Actually, I think the issue is that there is a missing "FOV" column in the F099_fov_positions_file.csv.gz file. Normally, a file location should look like the one below, and we use the FOV column as an index. In your case, since your second column is "X_mm", it is used as an index, and therefore it's not inside the columns anymore.

Slide,FOV,X_mm,Y_mm
3,1,0.722208817050781,13.7198104736064
3,2,1.23412451267148,13.7198104736064
3,3,1.74604020829218,13.7198104736064
3,4,2.25795590391288,13.7198104736064

TL;DR: can you make sure your F099_fov_positions_file.csv.gz file looks like this?

Slide,FOV,X_mm,Y_mm
1,99,2.881258,2.678565
cstrlln commented 4 months ago

So it has to be in that specific order? the cosmx file has this headings

image

Because I have subsetted the FOV locations files and is one single line now, would that be an issue?

quentinblampey commented 4 months ago

Indeed, I was assuming that the FOV column was always the second one. I don't understand why the columns are shuffled, I'm surprised that the CosMX exports are so inconsistent. Anyway, I should update the reader to deal with this.

I'll soon make a new release to handle this, I'll let you know!

cstrlln commented 4 months ago

Yes, again cosmx changing data outputs.

So that I can test this before a new release, could you point me to the expected order of columns for the required files? I don't mind re-organizing for this one.

Carlos

cstrlln commented 4 months ago

Also, if you let me know what files, I can send you recent versions of the output files to have as reference.

quentinblampey commented 4 months ago

It's only the FOV column, it should be the second column, like this:

Slide,FOV,X_mm,Y_mm
1,99,2.881258,2.678565

The order for the other columns doesn't matter

"Also, if you let me know what files I can send you recent versions of the output files to have as reference."

Sorry, I'm not sure to understand what you want?

quentinblampey commented 4 months ago

Really sorry for all this mess with CosMX data. The reader is still quite new, but I try to make it more stable, and I will try to add details on the docs for using the right export module

cstrlln commented 4 months ago

No worries, clearly CosMX is really poor at documenting outputs.

What I was proposing is I can send you examples of current versions of CosMX outputs so that you can have as reference.

quentinblampey commented 4 months ago

Ah, yes, it would be great, thanks! I would need the _fov_positions_file, and the _tx_file. Here is my email address in case you need it: quentin.blampey@centralesupelec.fr

quentinblampey commented 4 months ago

This should be fixed in sopa==1.0.12, can you try?

cstrlln commented 4 months ago

great! will give it a try in the next couple days.

cstrlln commented 4 months ago

Thanks, it is working now!

quentinblampey commented 4 months ago

Nice!

Do you mind telling me which export module you used? (description or screenshot) I could add this to the docs to help future users!

cstrlln commented 4 months ago

Of course.
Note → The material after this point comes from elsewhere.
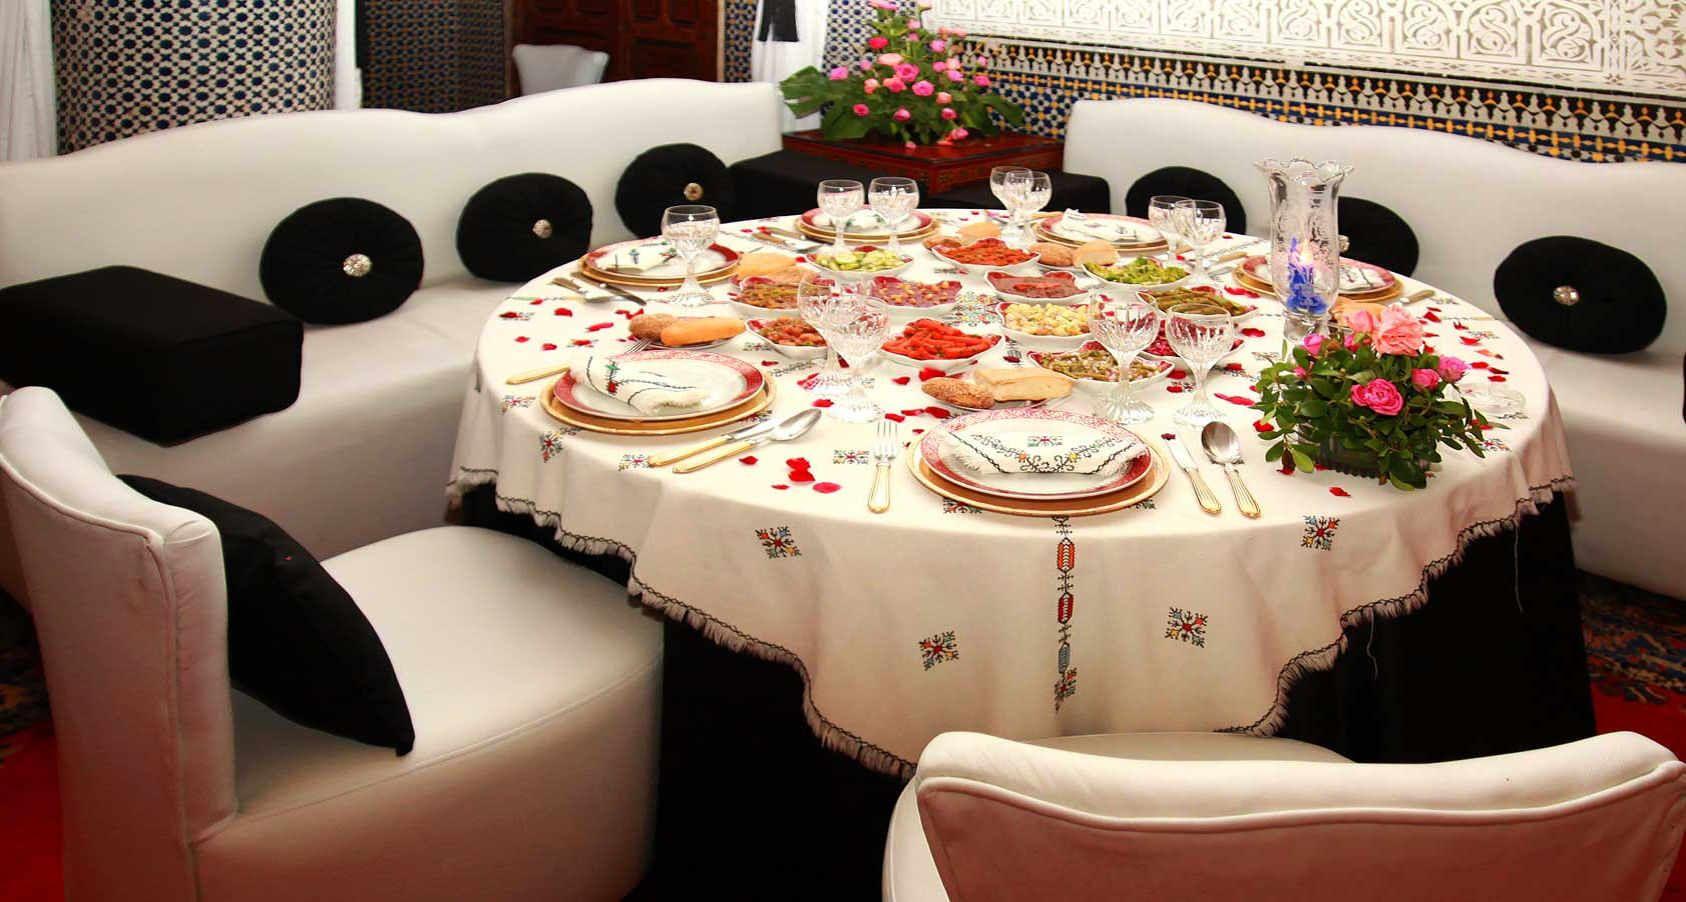 Galerie Photos Du Restaurant Gastronomique Stylia A Marrakech Food Recipes Flavors

It was not necessarily a module. The way to get the data in flat files is within a study, click on Export and then selecet the "Flat CSV Files" section

Screen Shot 2024-05-22 at 3 11 07 PM f)

Screen Shot 2024-05-22 at 3 11 29 PM

cstrlln commented 4 months ago

Just in case, here are the files as of May 2024

Ah, yes, it would be great, thanks! I would need the _fov_positions_file, and the _tx_file. Here is my email address in case you need it: quentin.blampey@centralesupelec.fr

F099_mod_tx_file.csv.gz F099_fov_positions_file.csv.gz

quentinblampey commented 4 months ago

Thanks for these details, I'll update the docs accordingly!